"""
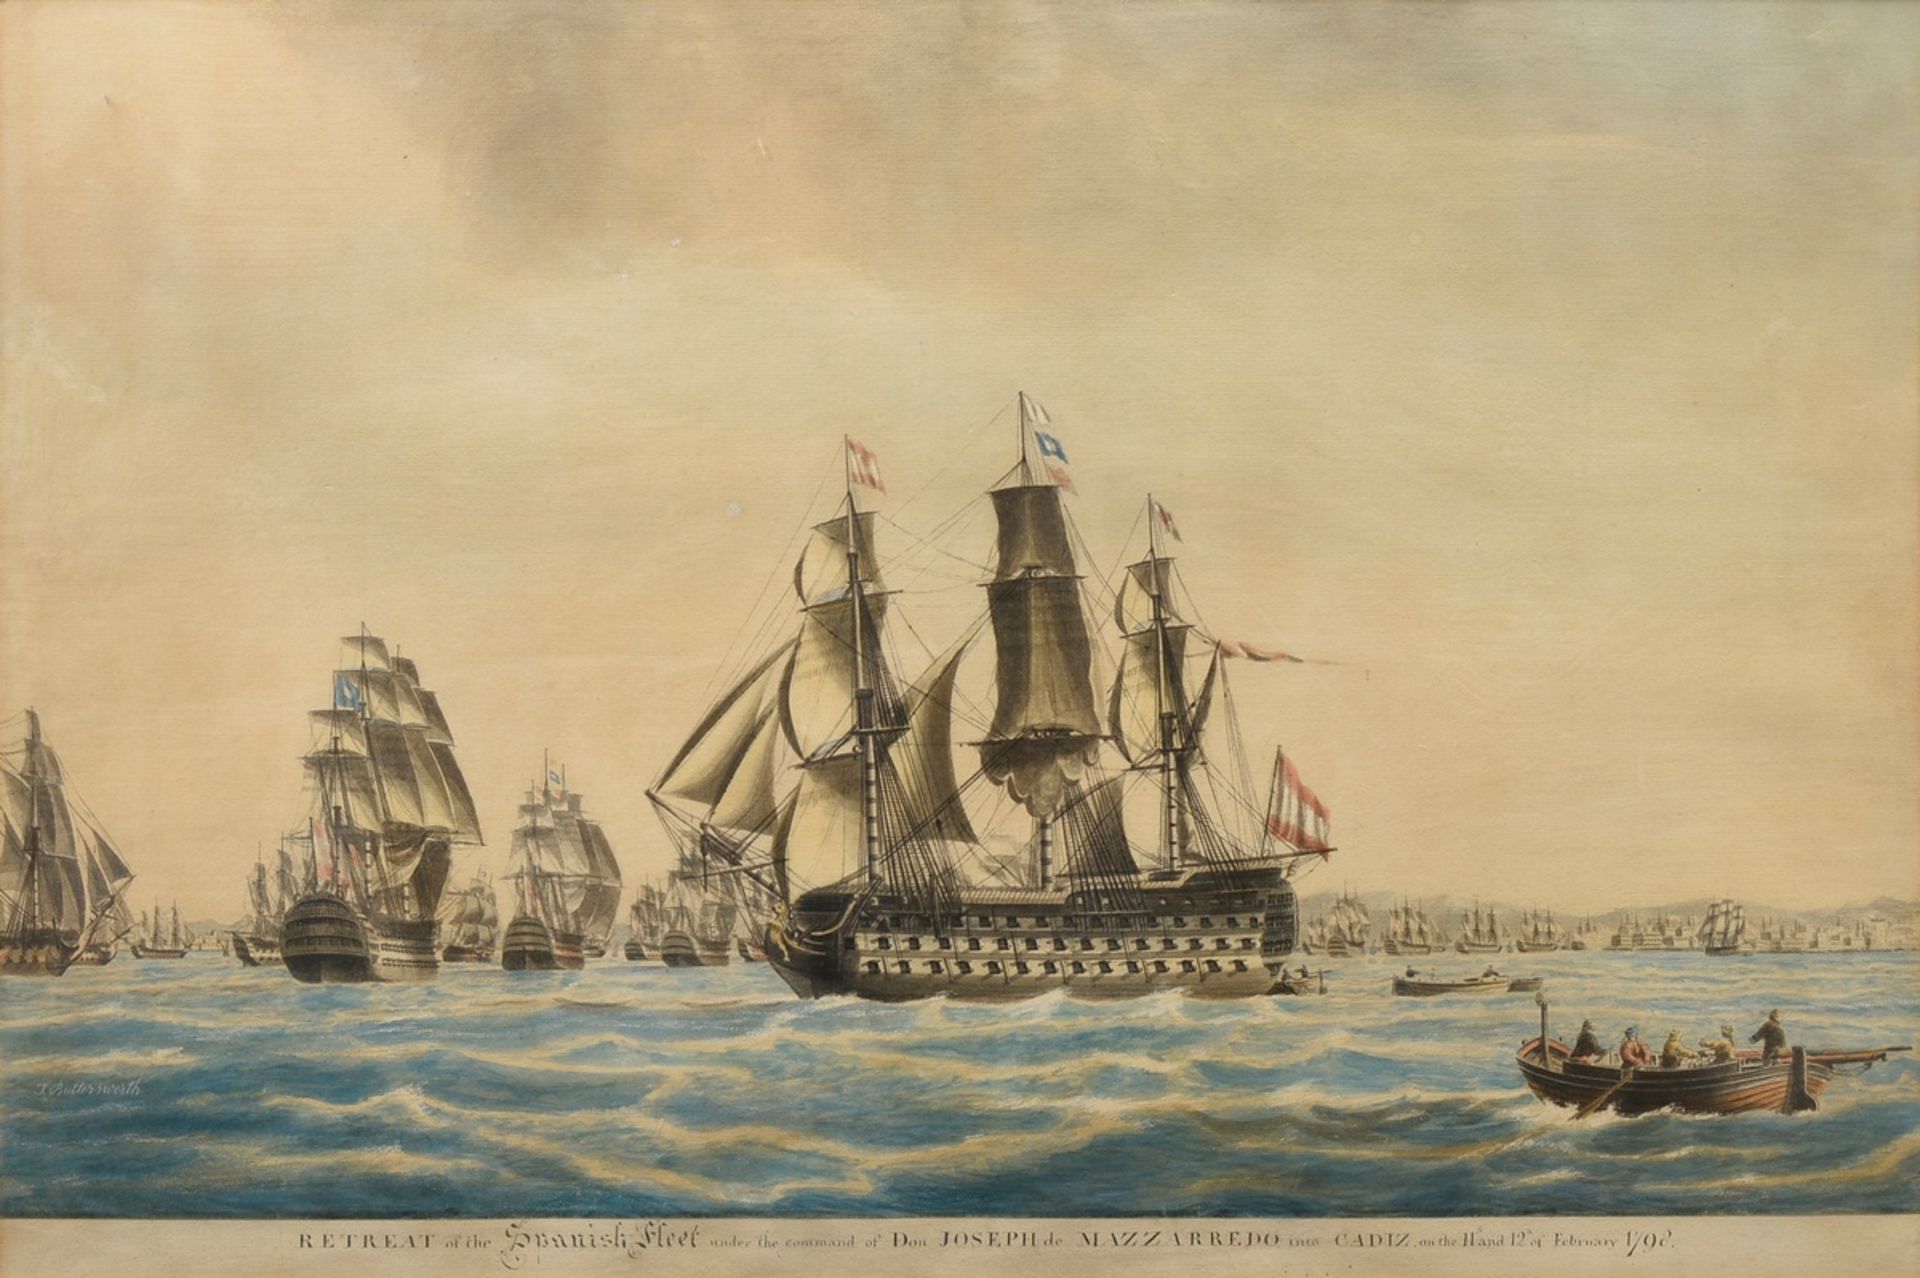 Buttersworth, Thomas (c.1768-1842) "Retreat of the Spanish Fleet under the command of Don Joseph de
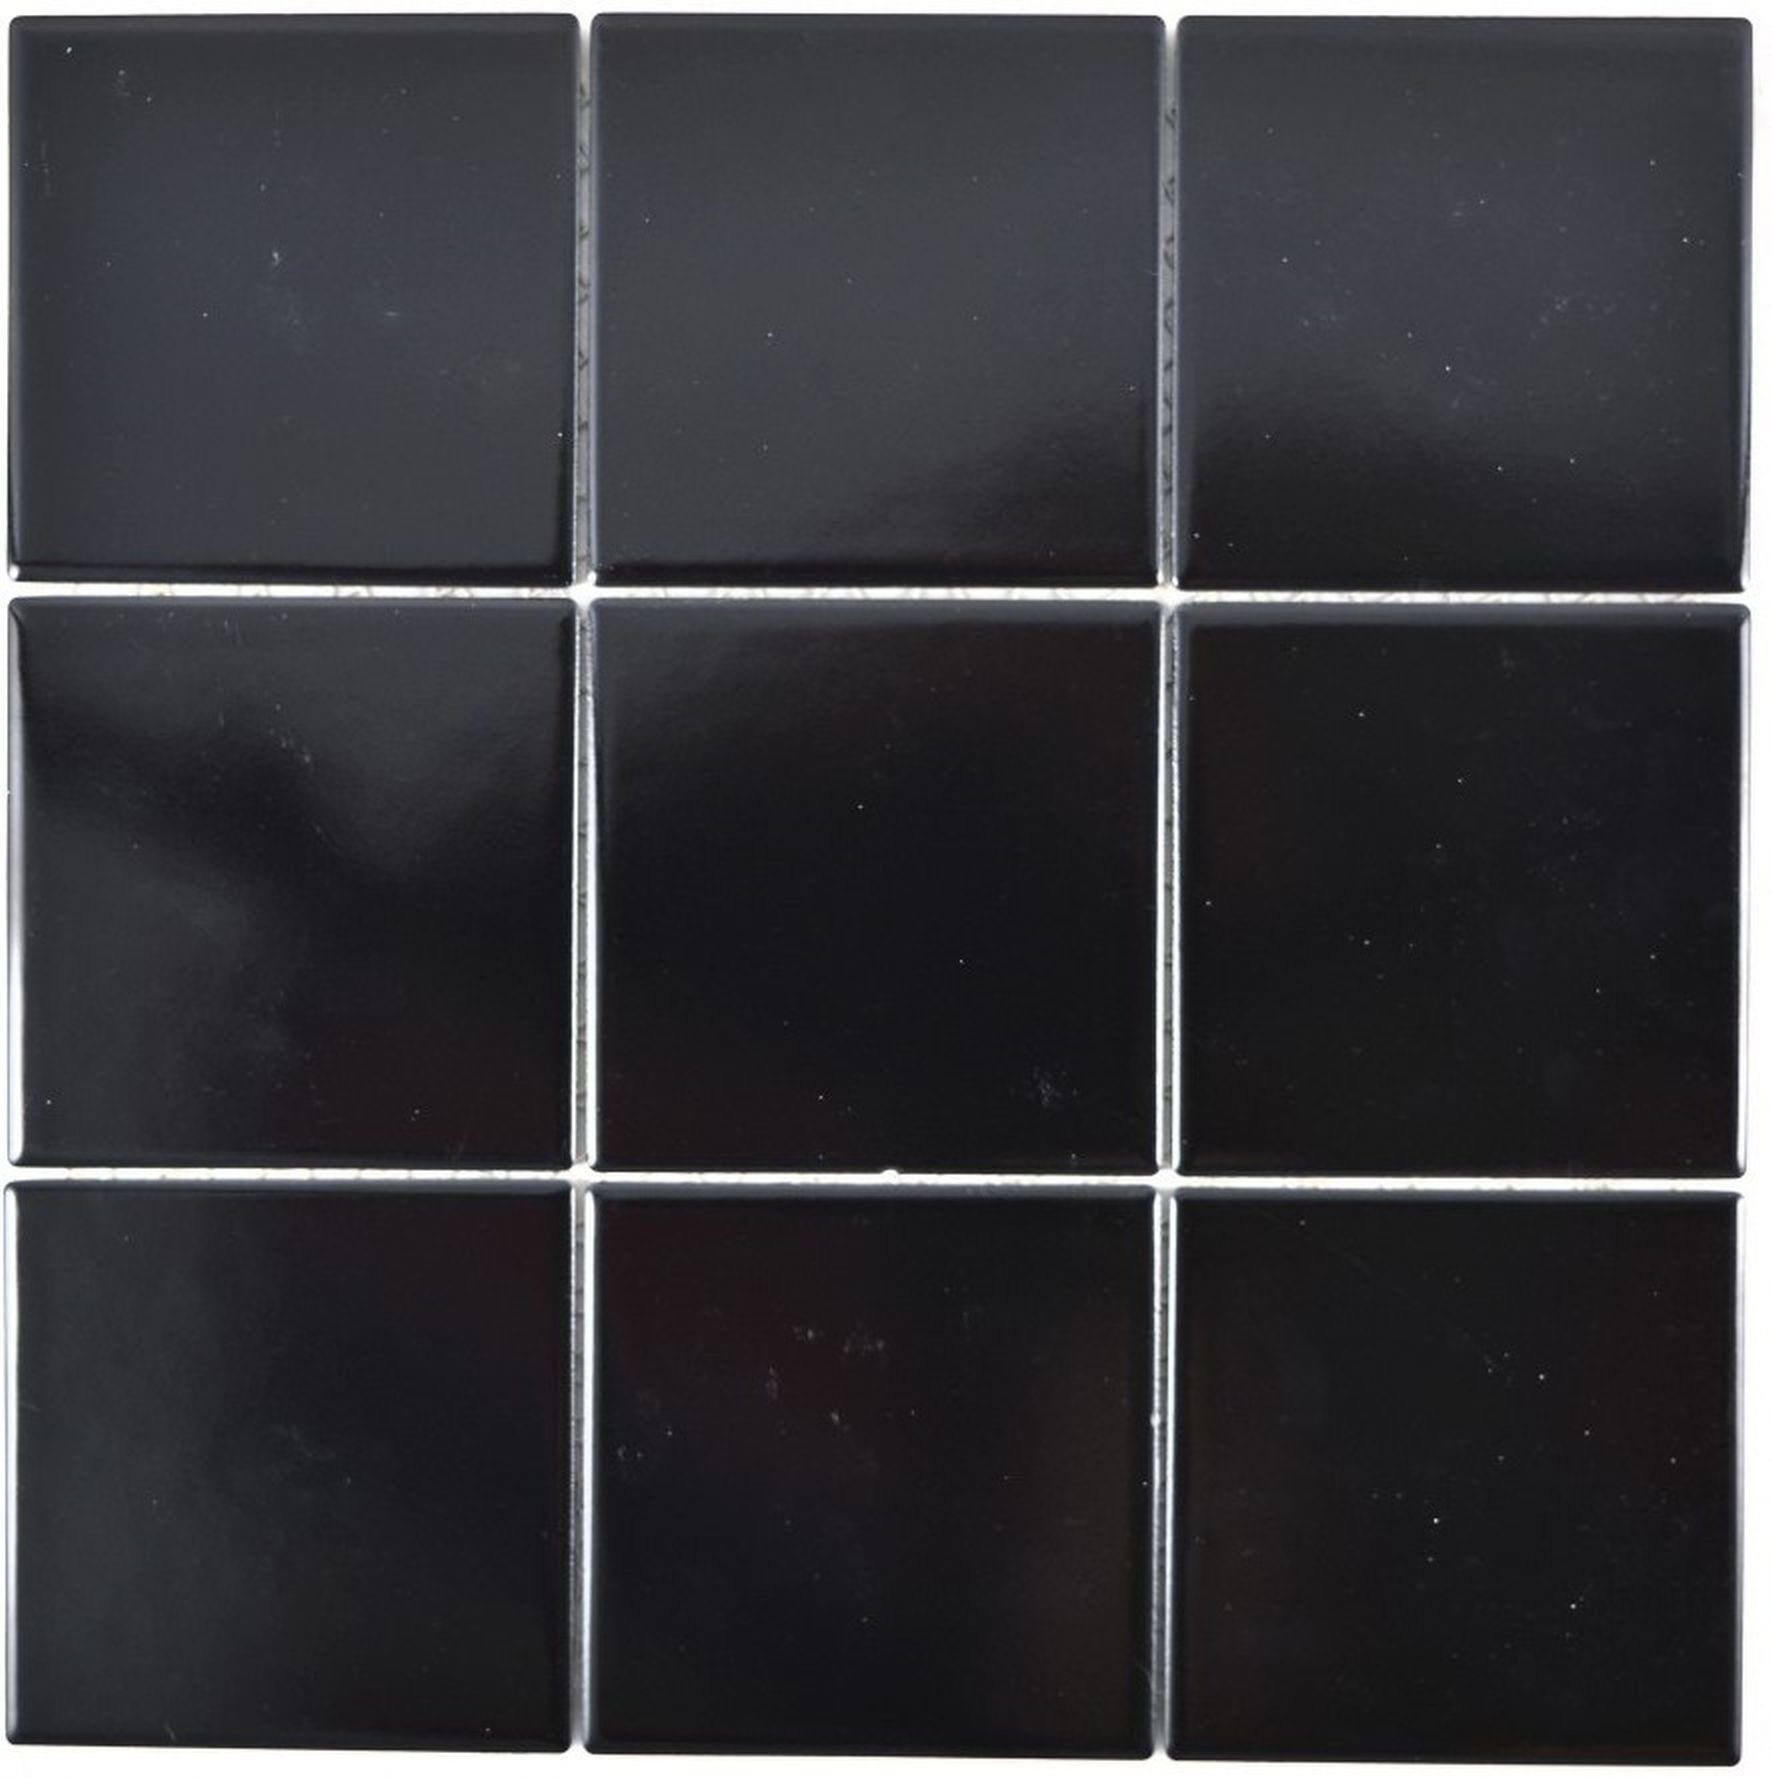 Mosani Mosaikfliesen Quadratisches Keramikmosaik Mosaikfliesen schwarz matt / 10 Matten
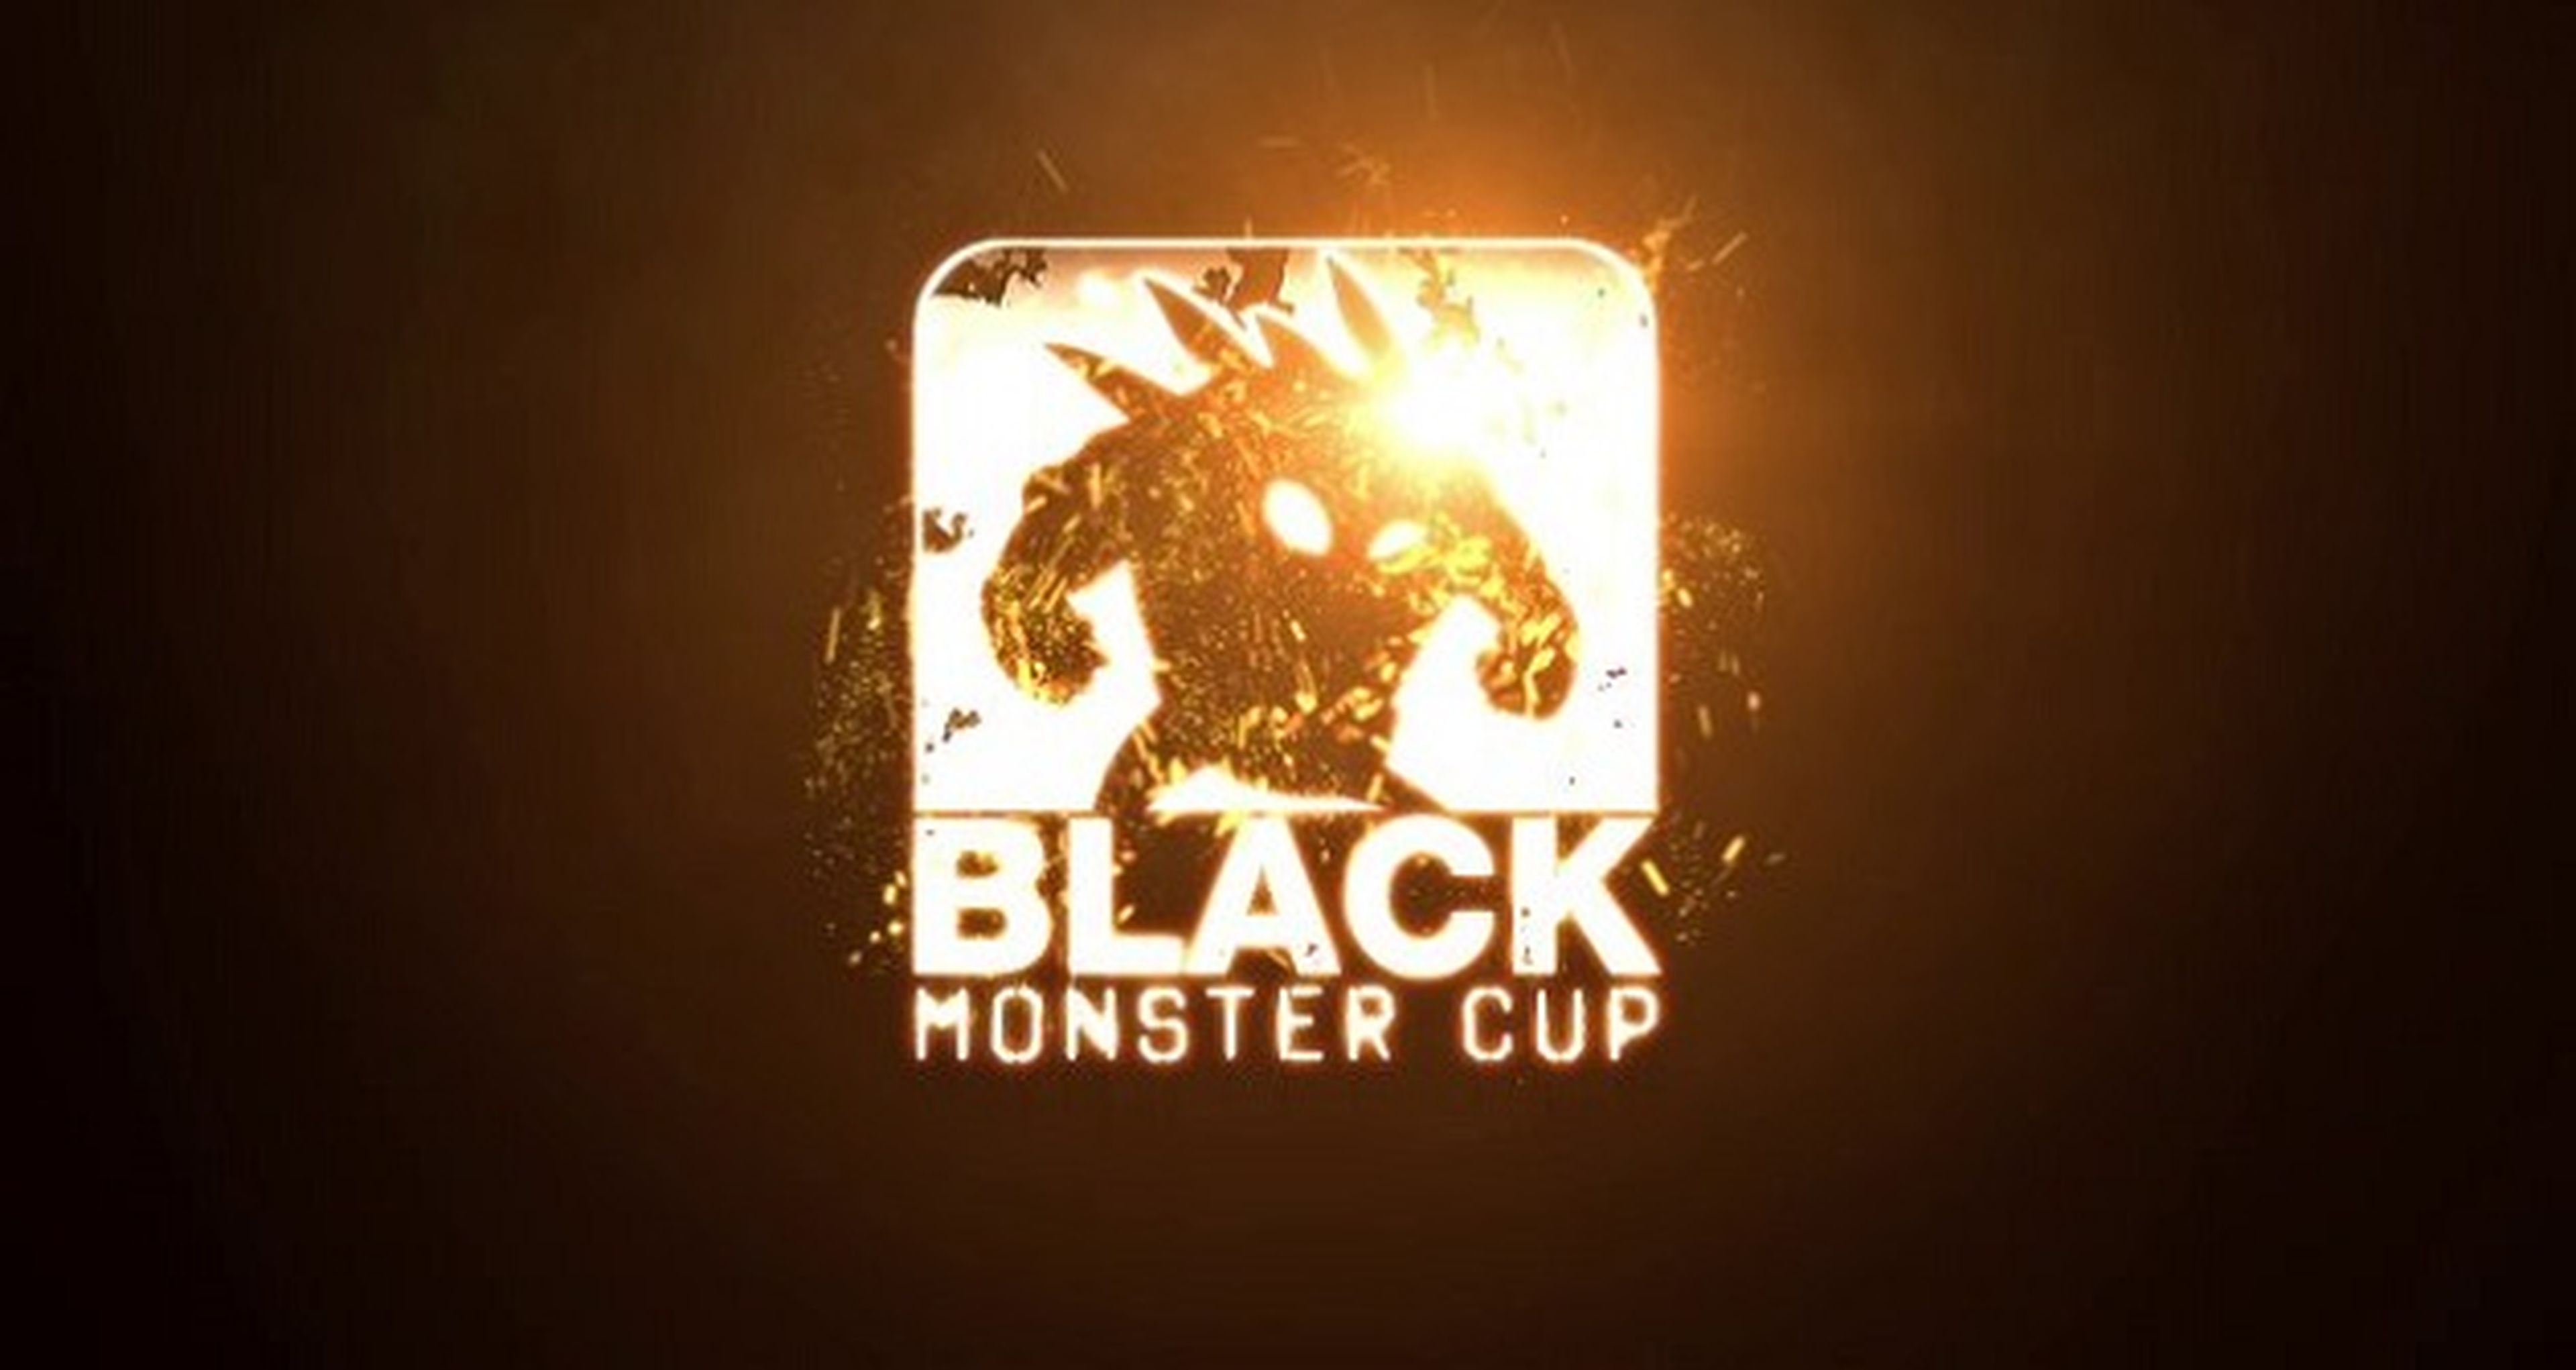 Este fin de semana se celebra la Black Monster Cup
"""
What you are asked to do »
Omit every picture, then reproduce the rest of the listing exactly.

Answer to this task »
 Buttersworth, Thomas (c.1768-1842) "Retreat of the Spanish Fleet under the command of Don Joseph de
 Mosani Mosaikfliesen Quadratisches Keramikmosaik Mosaikfliesen schwarz matt / 10 Matten
 Este fin de semana se celebra la Black Monster Cup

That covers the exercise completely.